As a network tech, I should always follow the golden rule of backup up data. I recently attempted resizing a partition (after neglecting this pinnacle of IT) & completed destroyed a PHP web application I had been working on.

The PHP web application was stored in a VM on the host's ext4 partition, and I had managed to destroy both the superblock & journal of the host's filesystem. After an unsuccessful attempt to restore the superblock from a backup on the drive, I figured the FS to be toast, but couldn't accept that the data had been completely lost.

What I really should've done was taken a DD image from the get-go with the following command:

# dd if=/dev/sda4 of=/media/Storage/Drive_Backup.img

After a bit of research and IRC chat, I was directed toward the following page: http://wiki.yak.net/592. The script seemed perfect for what I had needed to do. I knew the destroyed partition had only been 0.1% non-contiguous, so my hope was to completely recover the virtual hard disk image, or at least a repairable copy.

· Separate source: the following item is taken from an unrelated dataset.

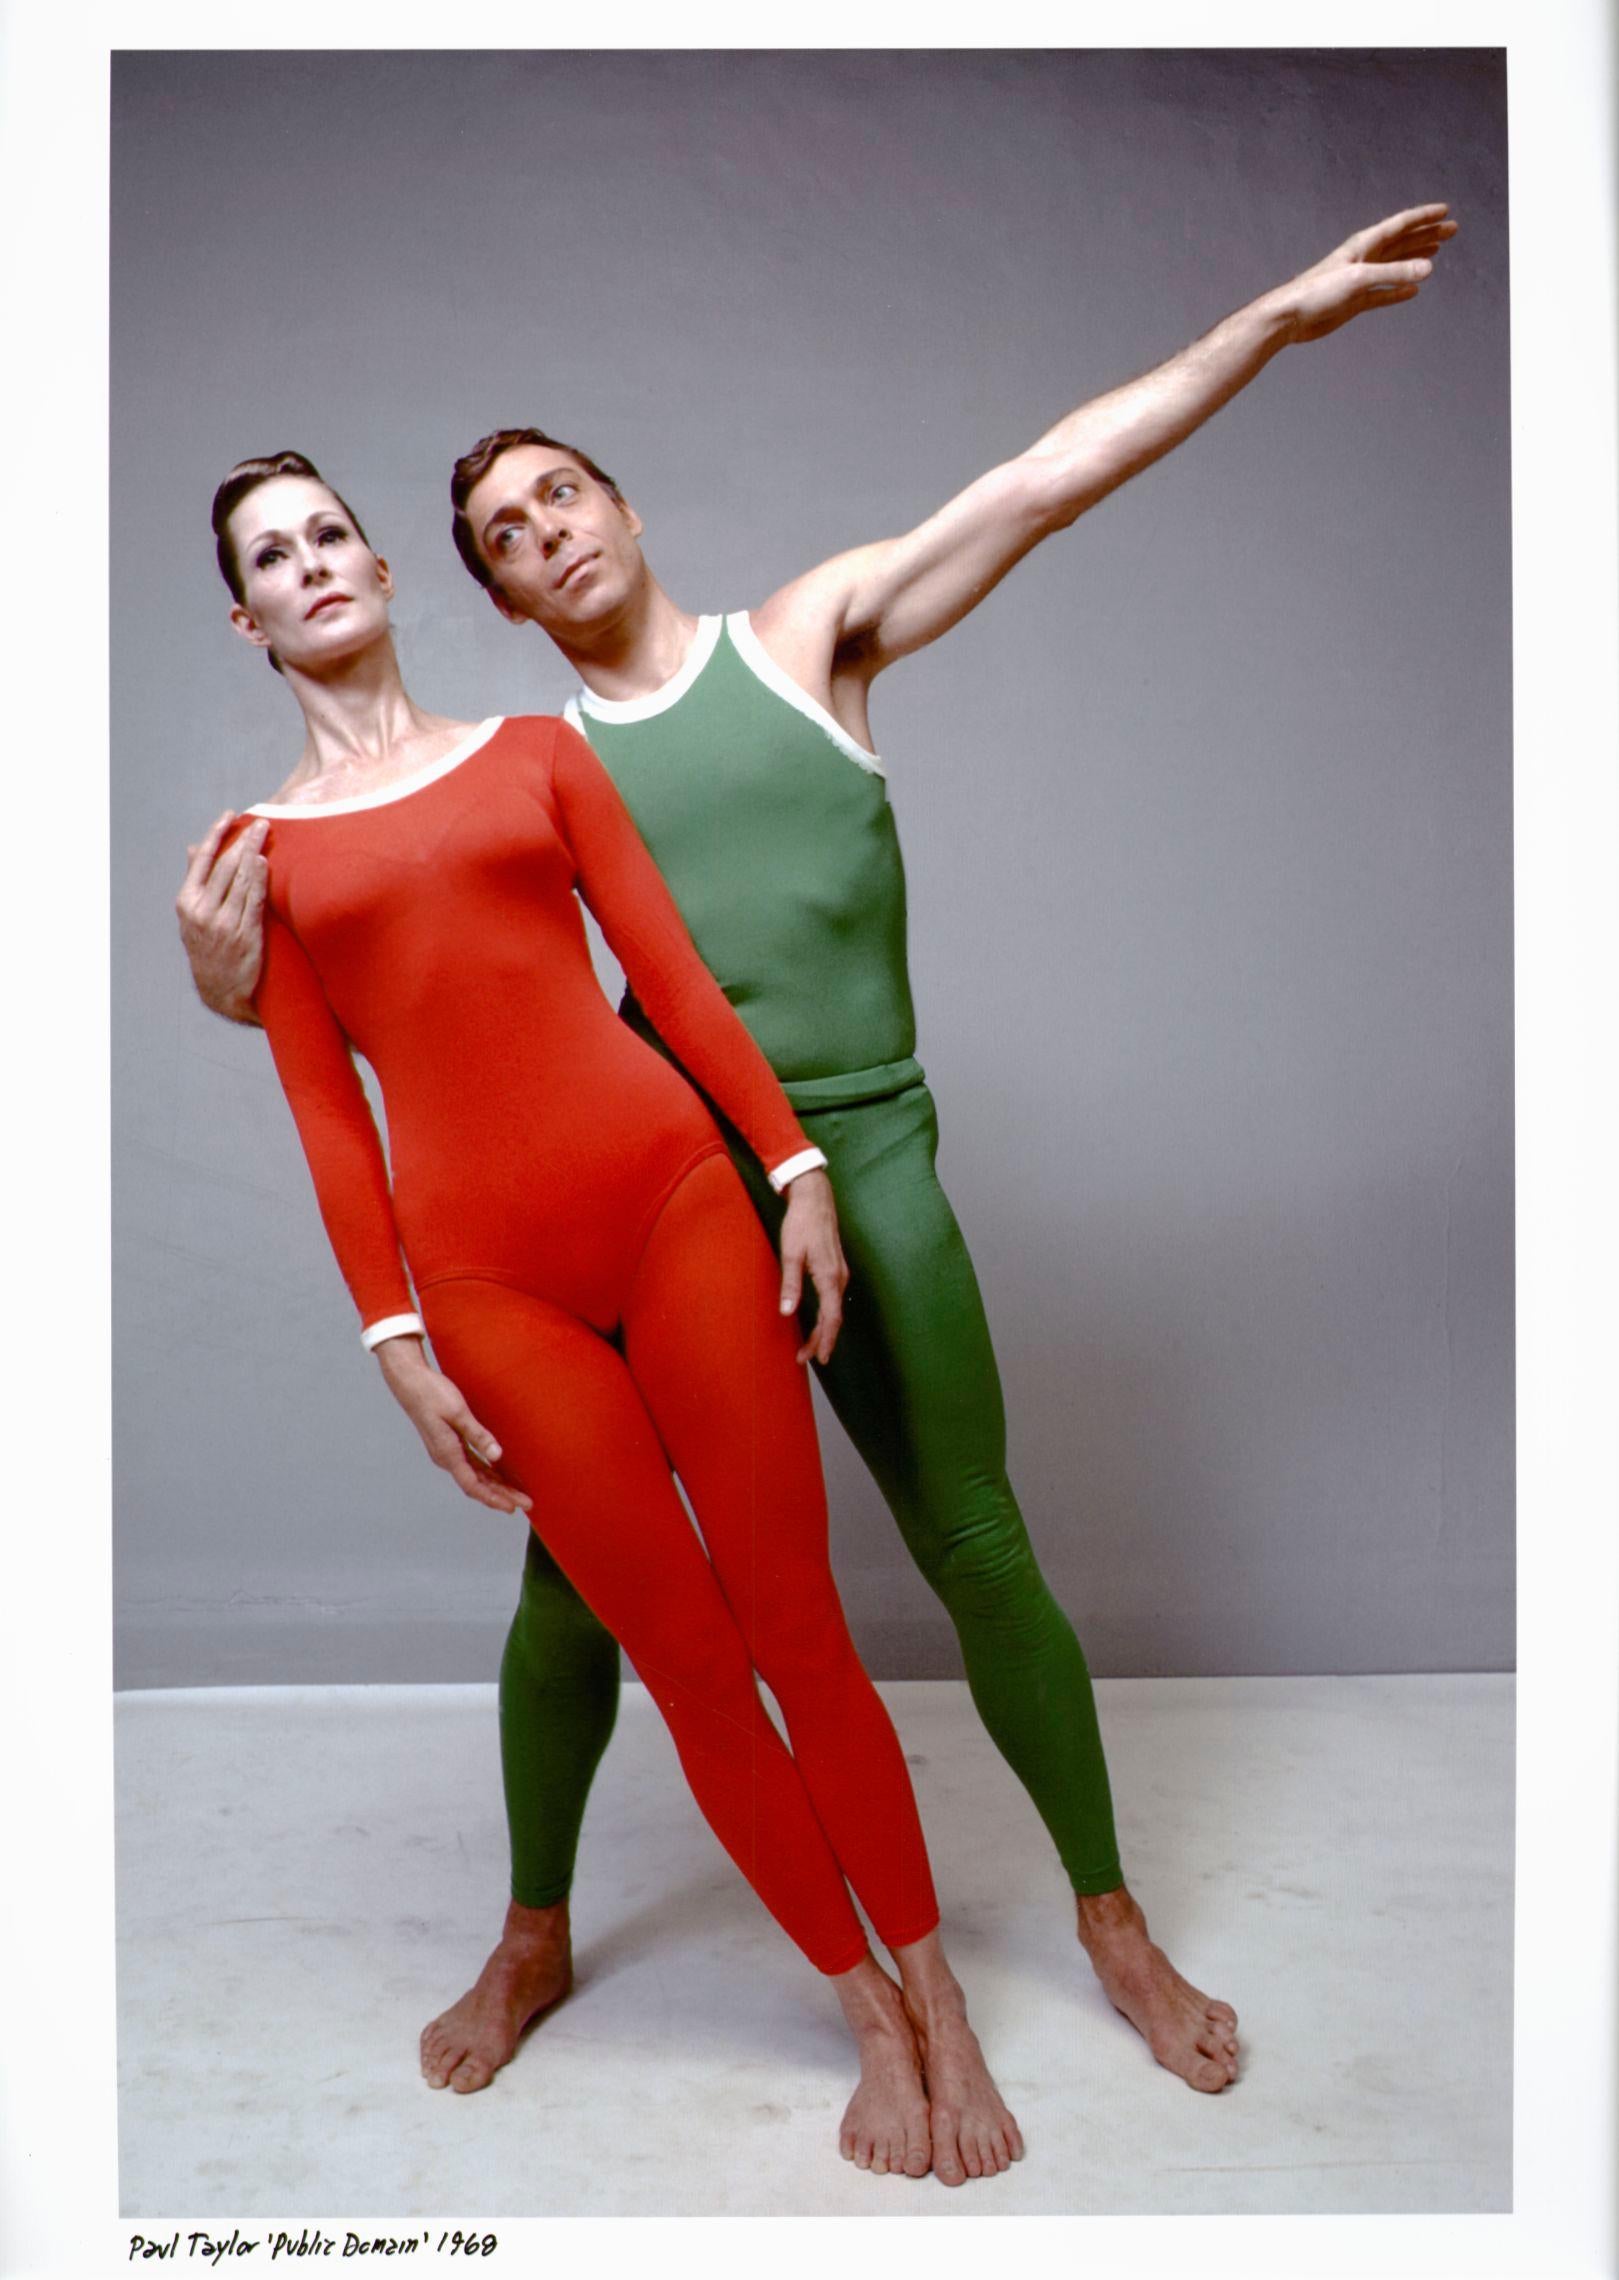 Jack Mitchell Color Photograph - Dancer/choreographer Paul Taylor & Bettie de Jong performing 'Public Domain'

To begin, I created a test, dynamically expanding VDI file & opened it within a hex editor:

VDI in hex editor

I could now see that each VDI file began with the string <<< Sun Virtualbox Disk Image >>>--the idea was to copy a large amount of data past where the script managed to locate things string, and to chop off the residual data with a hex editor.

I proceeded to test the procedure by placing the small test VDI file on an ext4 drive, searching for the data by reading the drive byte by byte, and copying only a small amount of data (~1mb) past the point where the magic string was found. The test was successful, though I still doubted I'd be able to recover a usable VDI file.

After a bit of modification to the script posted above (http://wiki.yak.net/592), I was able to successfully pick up around 10 VDI files off my dead drive (arbitrarily sized to 4GB past the magic string). After a bit of searching through these recovered VDI files, I found the exact file I was looking for. Unfortunately, my suspicions were confirmed when GRUB was found, but damaged beyond repair.

At this point, after a bit more research (http://www.linux.com/community/blogs/howto-read-a-virtualbox-vm-disk-wout-starting-the-vm.html), I began to realize that all a VDI file did was encapsulate the virtualized file system within VirtualBox metadata.

From here, I scrapped the whole idea of recovering the VDI and went directly for the plain text data off the drive itself.

To search through the drive, I ran the command:

$ grep -ab "php" /dev/sda4 > grepped

As I knew I was searching for plain text files that began with "php"--the search worked flawlessly. The "-b" option on grep, also records the decimal memory address where each instance of the string was found.

When the search completed, I had a list of the location of every instance of the "php" tag on the drive. This was a massive amount of data to sift through, but I managed to find the location (or at least get close to the location) of the important data I needed, by refining the search with the code's filename; for example:

Hex editor filename search

Basically, we can see that a reference to the filename MY_Controller.php & a memory address of 391021232450 (decimal). After heading over to the offset through wxHexEditor, I can see quite clearly that my PHP code is in fact intact:

Intact PHP code

And it's complete with formatting & indentation :). From here, I've simply copied & pasted out each file as I found them, though some were not quite as straightforward.

It'll take a lot of hard work & determination to get your files back, so you need to decide whether it's worth it.

Also try out PhotoRec & foremost if you need to recover stuff that isn't plain text.

CJ